Riadattamento "al femminile" dell'opera omonima di Luigi Lunari: un'imprenditrice, una generalessa dell'esercito e una docente d'italiano si ritrovano nello stesso luogo per ragioni diverse credendo di trovarsi nei luoghi dei rispettivi appuntamenti, e saranno costretti a rimanervi a causa di un'esercitazione anti-inquinamento che li blocca per la notte.
La stranezza del caso porterà, così, le tre protagoniste a riflettere su se stesse e sul mondo ultraterreno. Tre sull'altalena, uno spettacolo che tra ironia e riflessione mette in scena il punto di contatto tra il piano materiale e quello metafisico dell'esistenza.

Il senso dell'attesa

Divenuta in breve tempo pietra miliare del teatro contemporaneo, l'opera di Lunari è riproposta da Negri attraverso alcune alterazioni del testo originale che lasciano pressoché immutato l'assetto complessivo. Oltre la riduzione da due ad un unico atto, Negri immagina la vicenda vissuta da un punto di vista femminile. Infatti, in luogo di un commendatore, un generale e un professore, il riadattamento di Negri vede protagoniste un'imprenditrice, una generalessa e una docente di lettere.
La mutazione della prospettiva mantiene, comunque, inalterato il ritmo incalzante e la carica ironica delle battute in una recitazione che procede dall'indefinito al definito.

Quella che si prospetta alla vista dello spettatore è una situazione di attesa. Le tre protagoniste, trovandosi in uno stesso luogo per motivi diversi e credendo che quel luogo rifletta l'ubicazione dei rispettivi appuntamenti (segreteria politica, ufficio d'affari, casa editrice), tenteranno di scoprire il reale motivo della loro strana convocazione in un luogo tanto strano e insolito (perfettamente reso dalle scenografie rappresentanti un anonimo salotto) dal quale non è possibile andare via a causa di un'esercitazione anti-inquinamento che le costringe a trascorrere lì la note.

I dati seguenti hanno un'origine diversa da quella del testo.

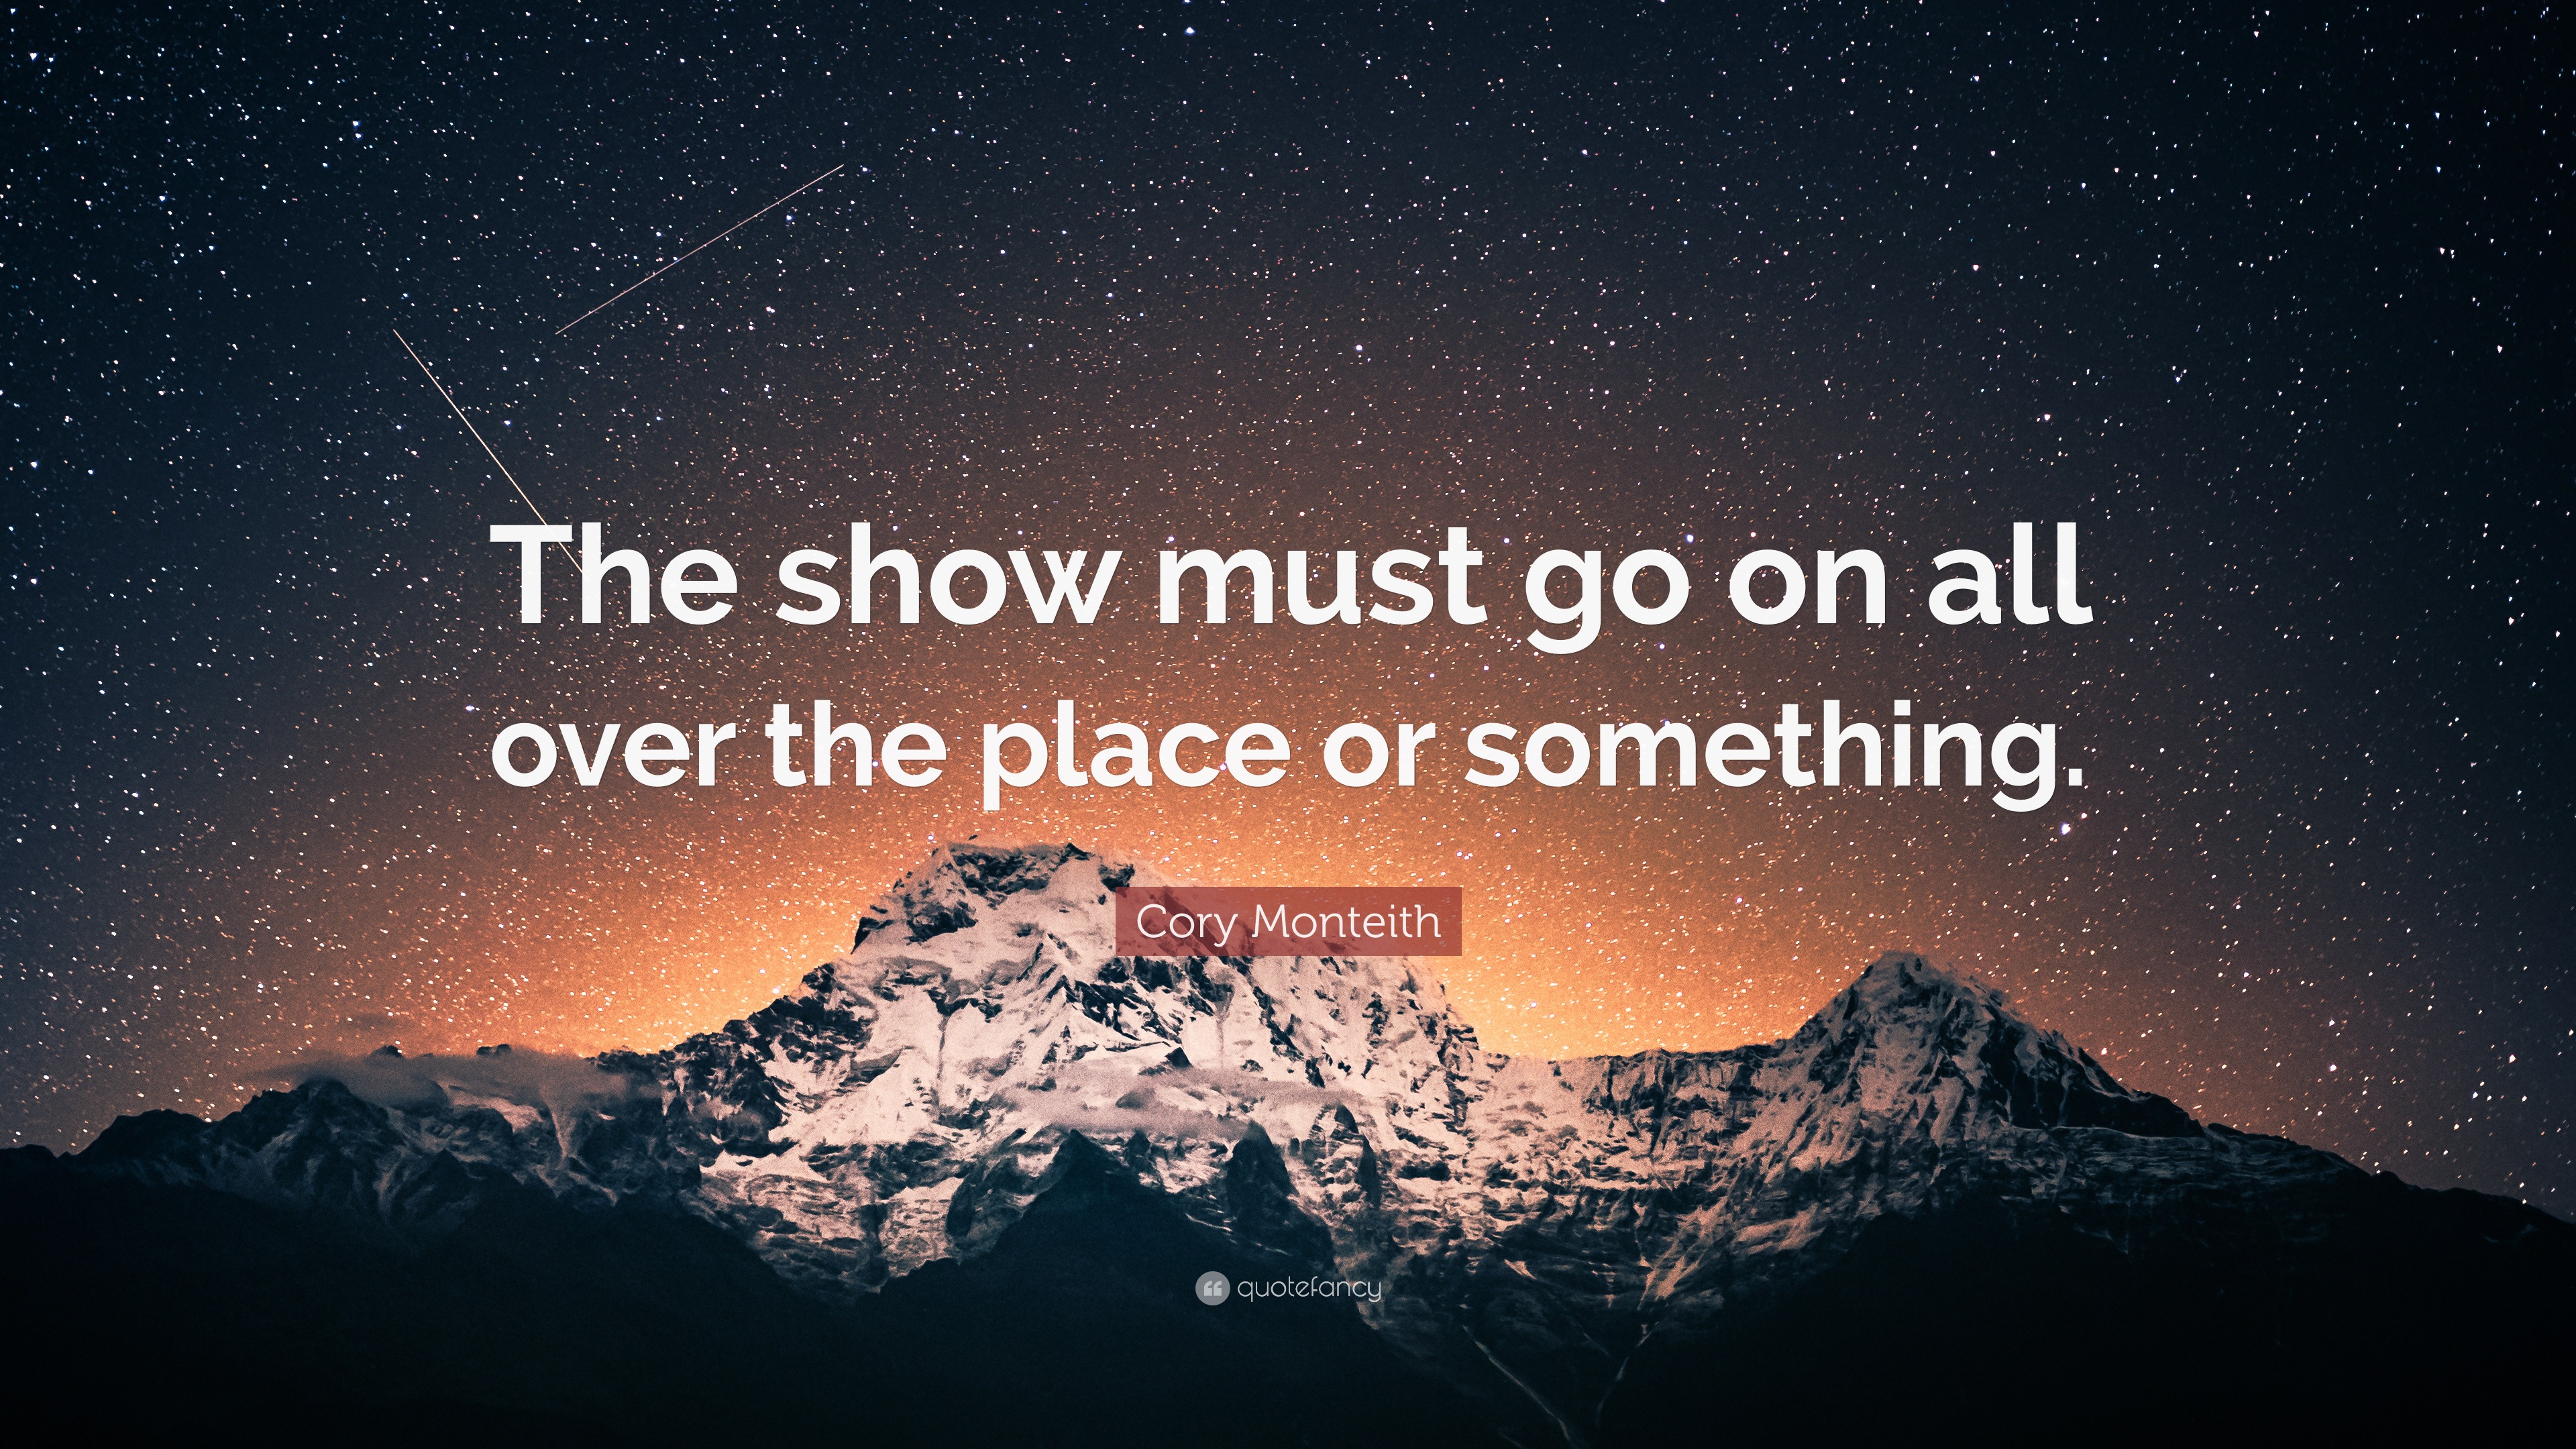 Cory Monteith Quote: "The show must go on all over the place or something." (10 wallpapers ...

Le oscillazioni della vita

Durante i tentativi delle rispettive protagoniste di comprendere ciò che è loro accaduto secondo le rispettive logiche di pensiero emerge quella stratificazione sociale che caratterizza a più riprese la realtà. La giovane imprenditrice tenta inutilmente di mantenere il controllo di una situazione che non riesce a comprendere (provocandosi panico inconsulto); la generalessa sfrutta il suo sangue freddo per darsi spiegazioni che si rivelano semplici congetture; la docente tenta di spiegare il tutto mediane la logica e la filosofia, costrette a cadere di fronte l'assurdo. Ecco che in questo senso prende forma quella "altalena" presente nel titolo, che sembra rappresentare le oscillazioni di un relativismo umano che non sa far fronte a un contesto inafferrabile e, come nel caso della commedia, apparentemente inspiegabile.

Da Beckett a Fo

Il senso dell'attesa raggiunge il suo apice con l'ipotesi che la camera dove esse si trovano possa essere un'anticamera per l'Aldilà viste varie strane occorrenze e l'improvvisa entrata in scena dell'uomo delle pulizie che, attraverso un linguaggio ambiguo, instilla ancor più il dubbio e il timore (di Dio) nella mente delle tre donne. Un finale aperto, dunque, che inscrive l'opera in un solco a metà tra l'assurdo e il metafisico alla maniera di Samuel Beckett, tra il comico e la satira sociale alla maniera di Dario Fo. La rilettura in chiave femminile di Tre sull'altalena non muta l'impostazione originale dell'opera, mantenendo, in fine, il senso primario e primitivo dell'opera di Lunari.

 

Visto il 12/11/2017

Salvatore Di Marzo

  Redattore

Nato e laureato a Napoli, Salvatore Di Marzo collabora a diverse testate giornalistiche e progetti culturali universitari con articoli e recensioni.&n...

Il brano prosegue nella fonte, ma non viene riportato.